Work required: All of the lines below need to be copied exactly, apart from the pictures.

Exercise data:
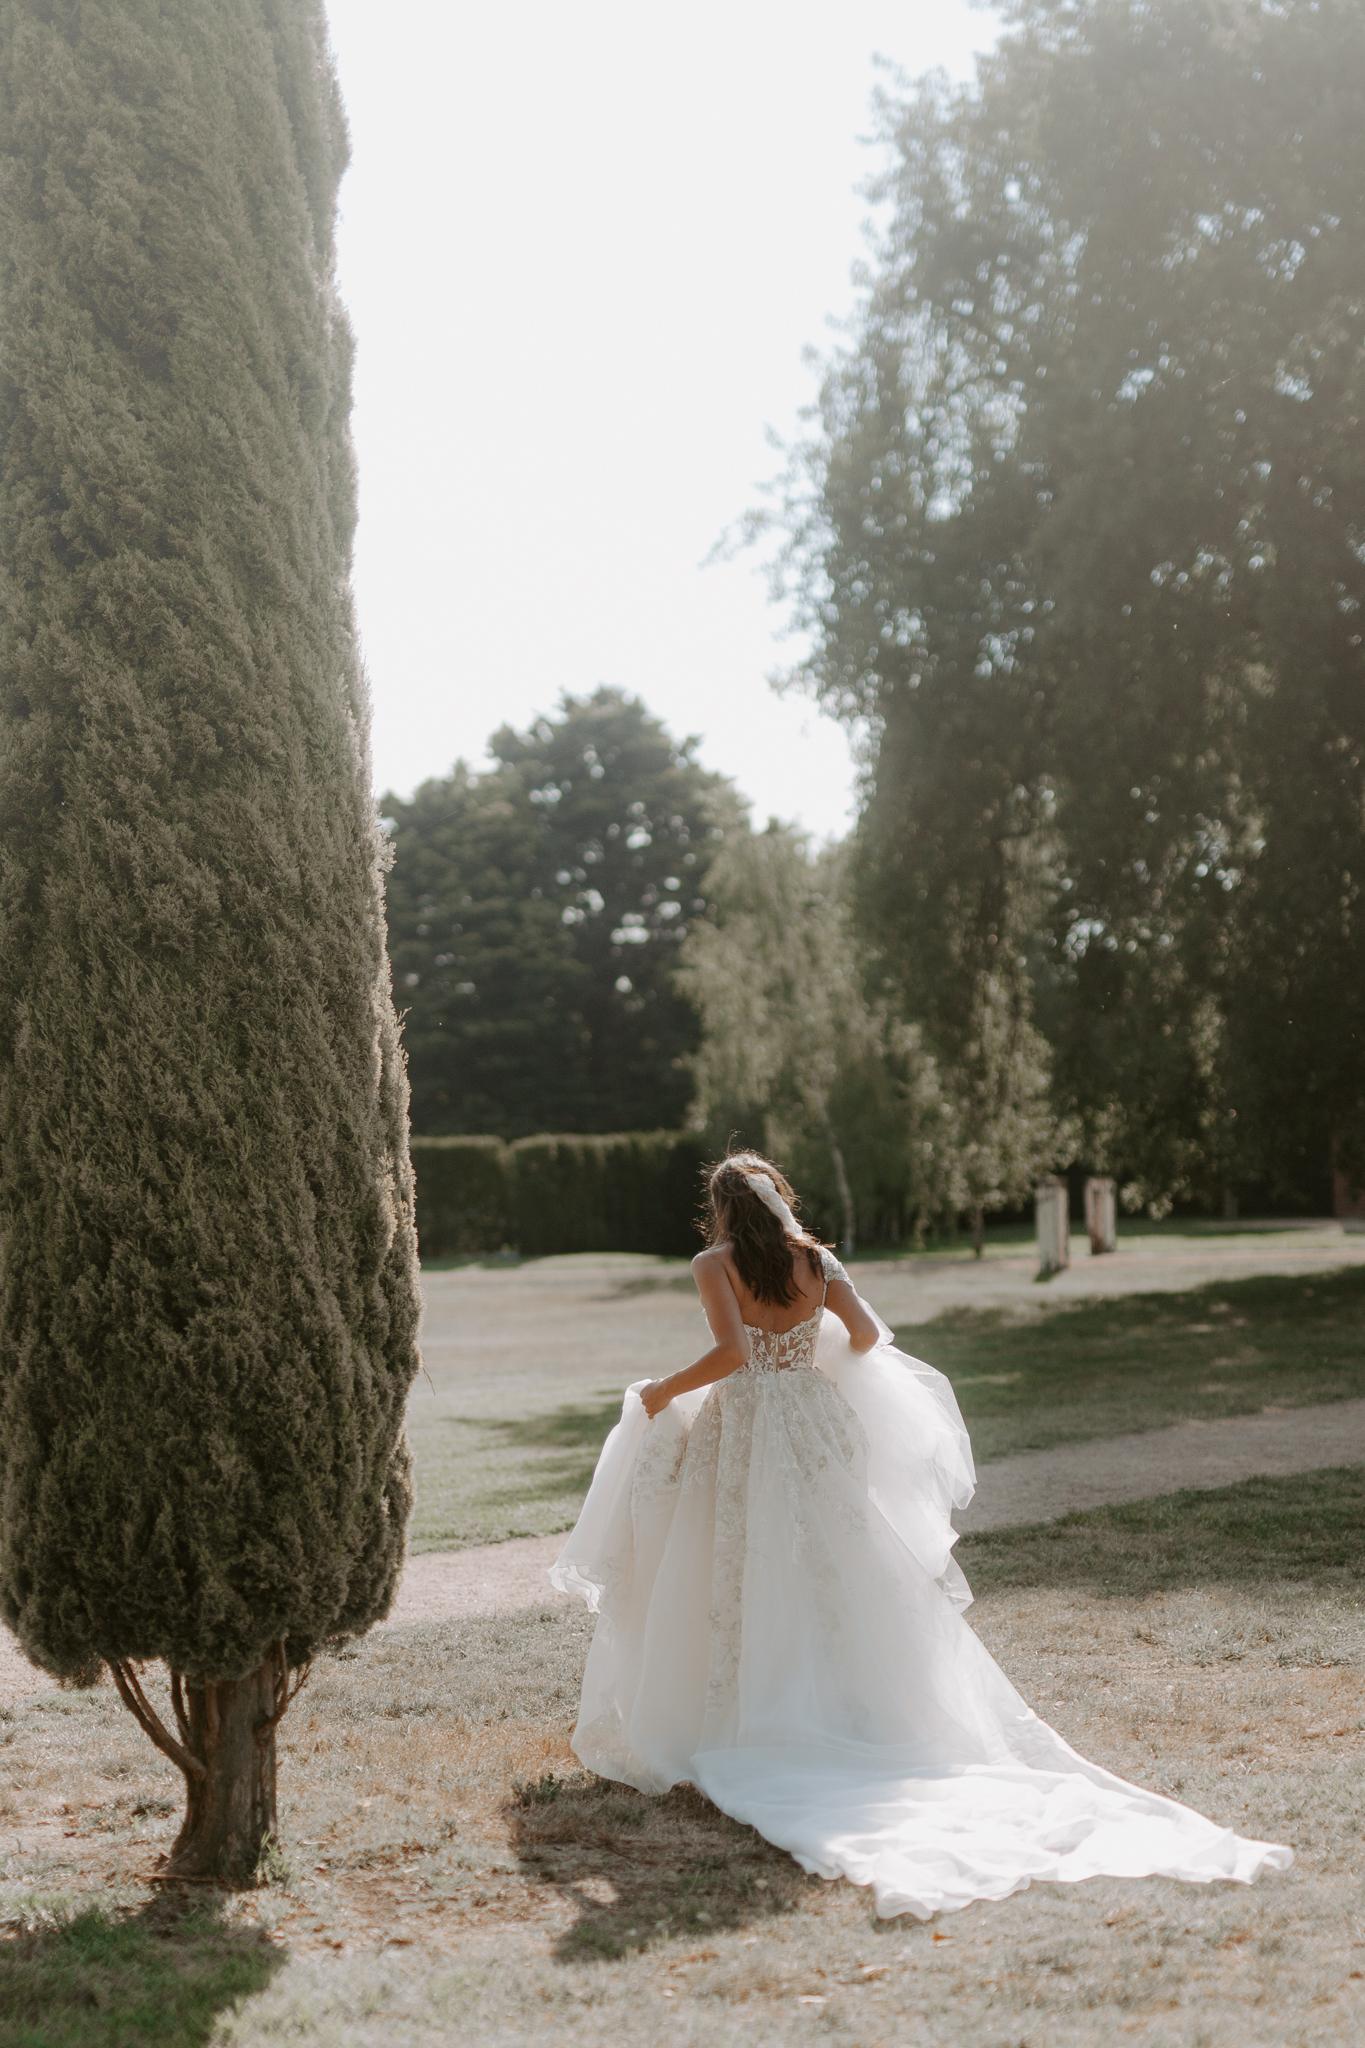 The-Stones-of-Yarra-Valley-Wedding-EmotionsandMathPhotography-139.jpg
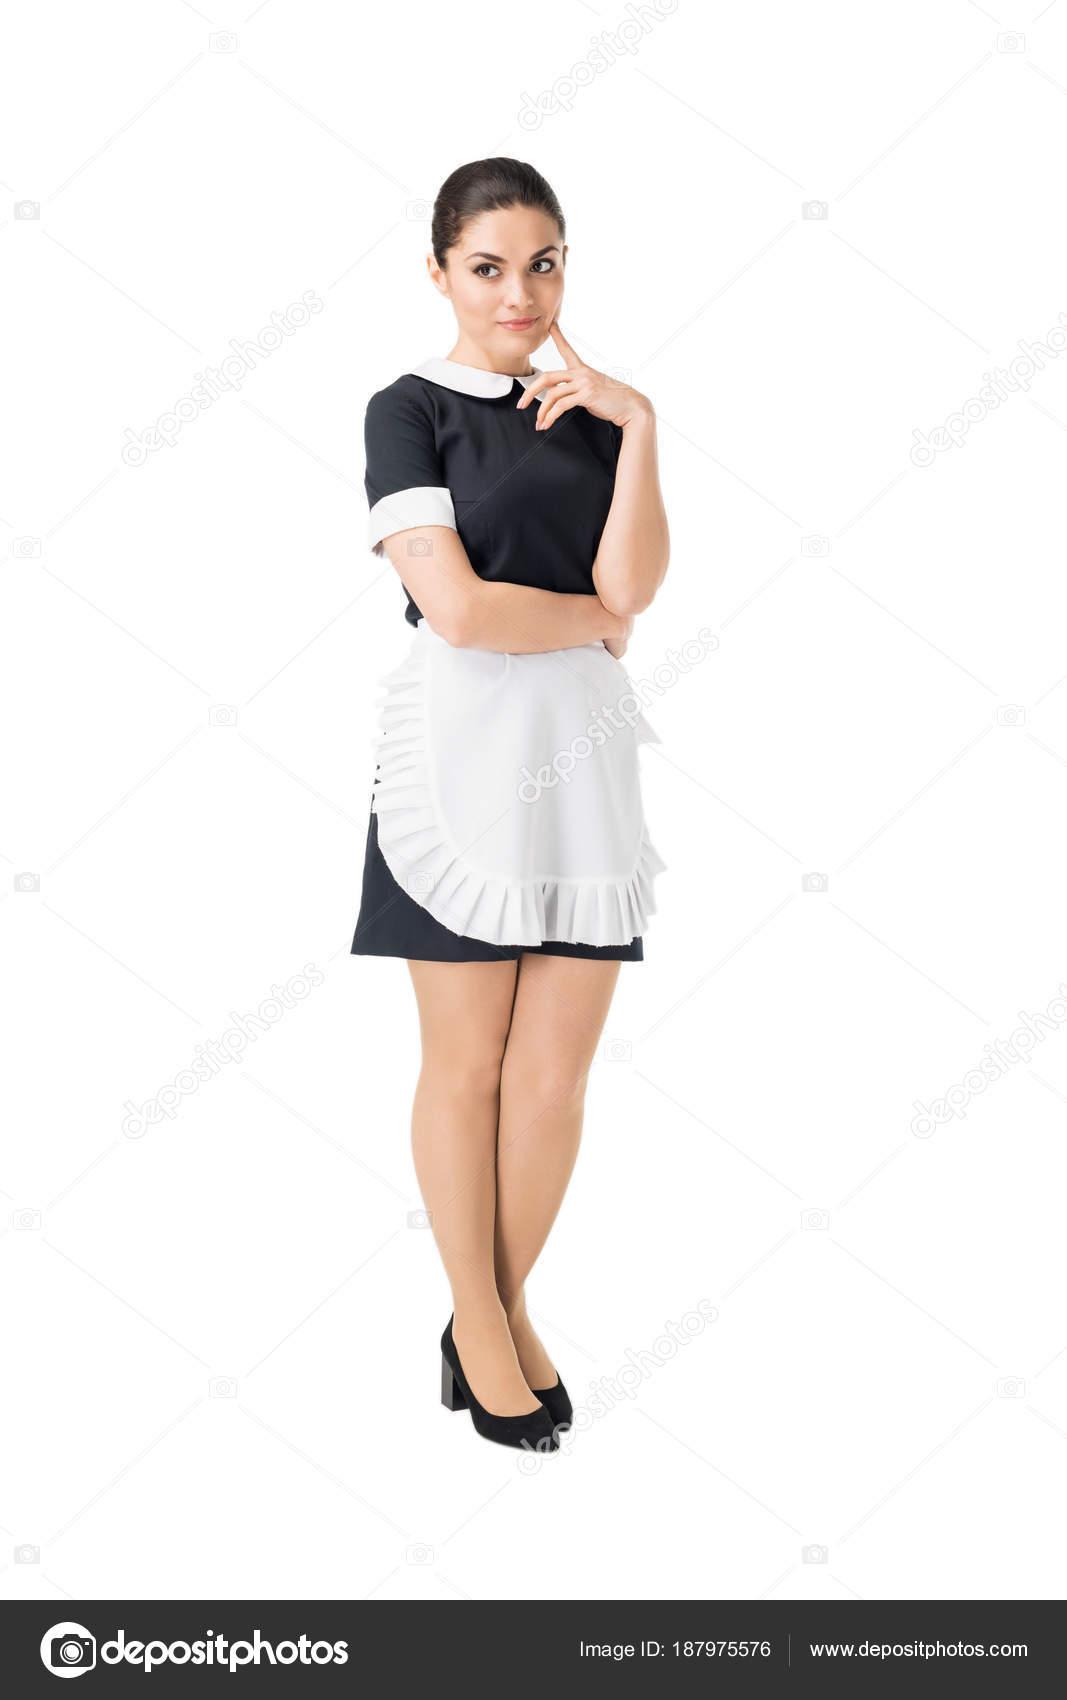 femme m nage brune uniforme professionnel main par visage isol sur photographie. Black Bedroom Furniture Sets. Home Design Ideas
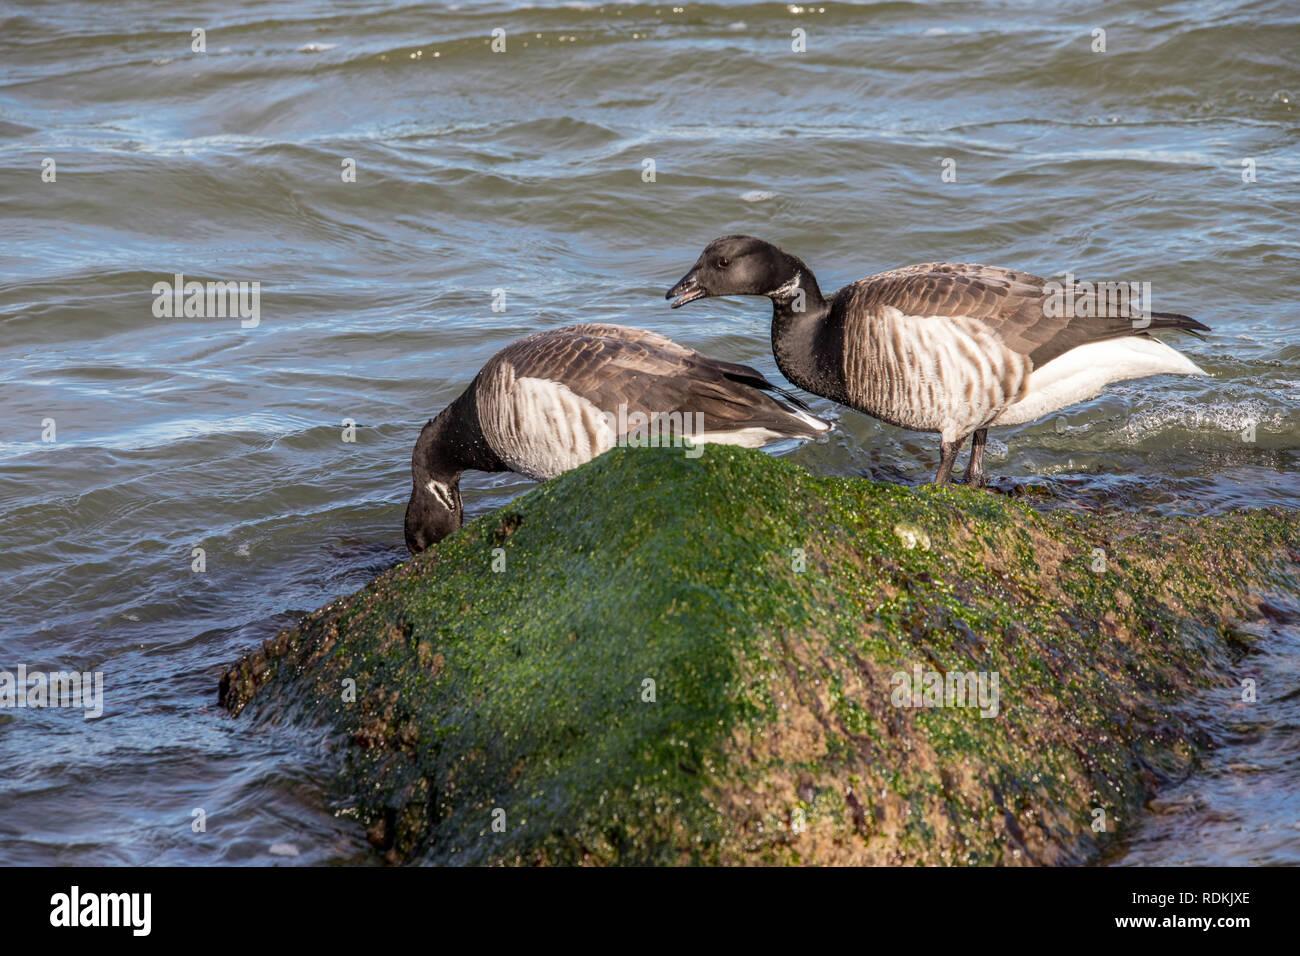 Brant Goose on the rocks - Stock Image

Response:
 The-Stones-of-Yarra-Valley-Wedding-EmotionsandMathPhotography-139.jpg
 femme m nage brune uniforme professionnel main par visage isol sur photographie. Black Bedroom Furniture Sets. Home Design Ideas
 Brant Goose on the rocks - Stock Image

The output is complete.